This is just a quick approximation....really.. peace bros.

But why do I fear I am not answering the questions you are driving at?


----------



## ted_BSR (Aug 28, 2012)

StriperAddict said:


> On a thread title such as this, I doubt there can be "right" or "wrong" ways of "doing" ...  rather, it would profit many with an open talk on the subject.
> 
> Some thoughts...
> 
> ...



When I pray, I feel His presence on an extraordinary scale. I can't even say grace without a tear filling my eye. I am all those things you have said, when I come before my Lord in prayer. That is my quiet time with Him. It is also my witness for Him when I have the occasion to pray with, or in front of others. It is a humbling and beautiful experience. I do not ever feel that He is not there when I pray.

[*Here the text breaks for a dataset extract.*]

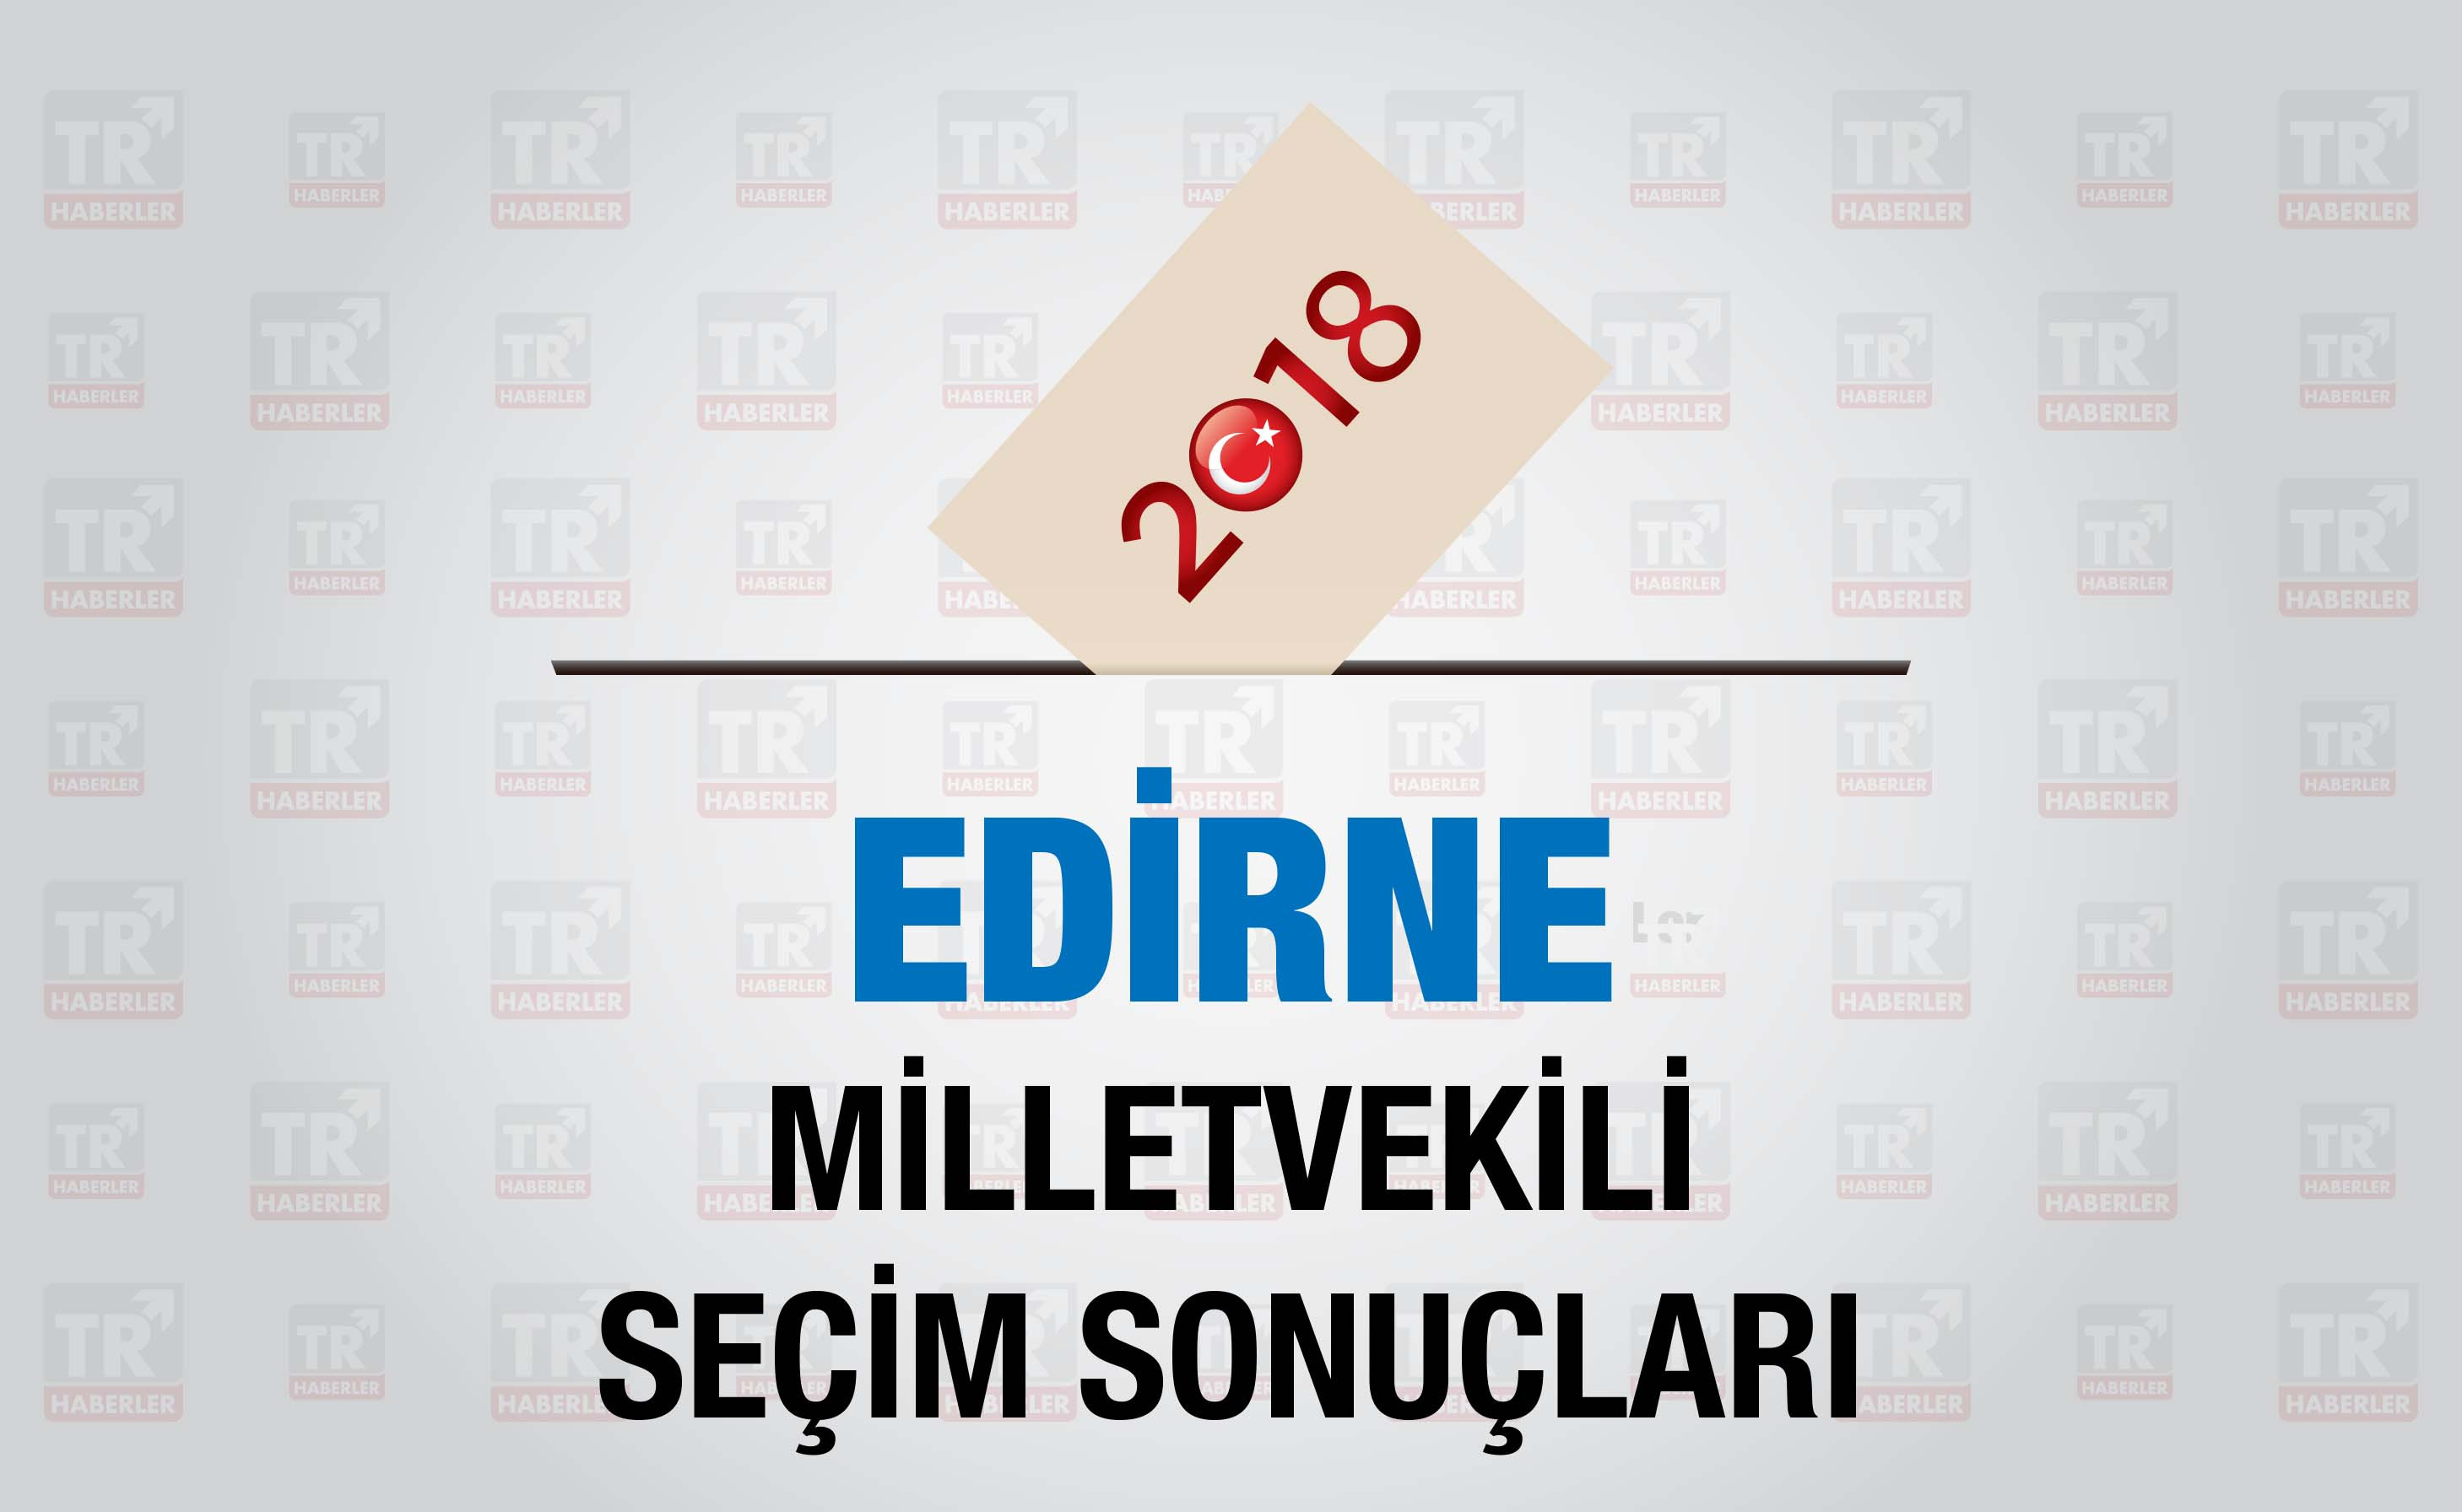 Edirne seçim sonuçları : Edirne Milletvekili seçim sonuçları - Seçim 2018

I feel myself on my knees, and then I feel His hand pulling me up to stand with Him.

I guess you could say that I initiate it, but He taught me how to do it.


----------



## gordon 2 (Aug 29, 2012)

ted_BSR said:


> When I pray, I feel His presence on an extraordinary scale. I can't even say grace without a tear filling my eye. I am all those things you have said, when I come before my Lord in prayer. That is my quiet time with Him. It is also my witness for Him when I have the occasion to pray with, or in front of others. It is a humbling and beautiful experience. I do not ever feel that He is not there when I pray.
> 
> I feel myself on my knees, and then I feel His hand pulling me up to stand with Him.
> 
> I guess you could say that I initiate it, but He taught me how to do it.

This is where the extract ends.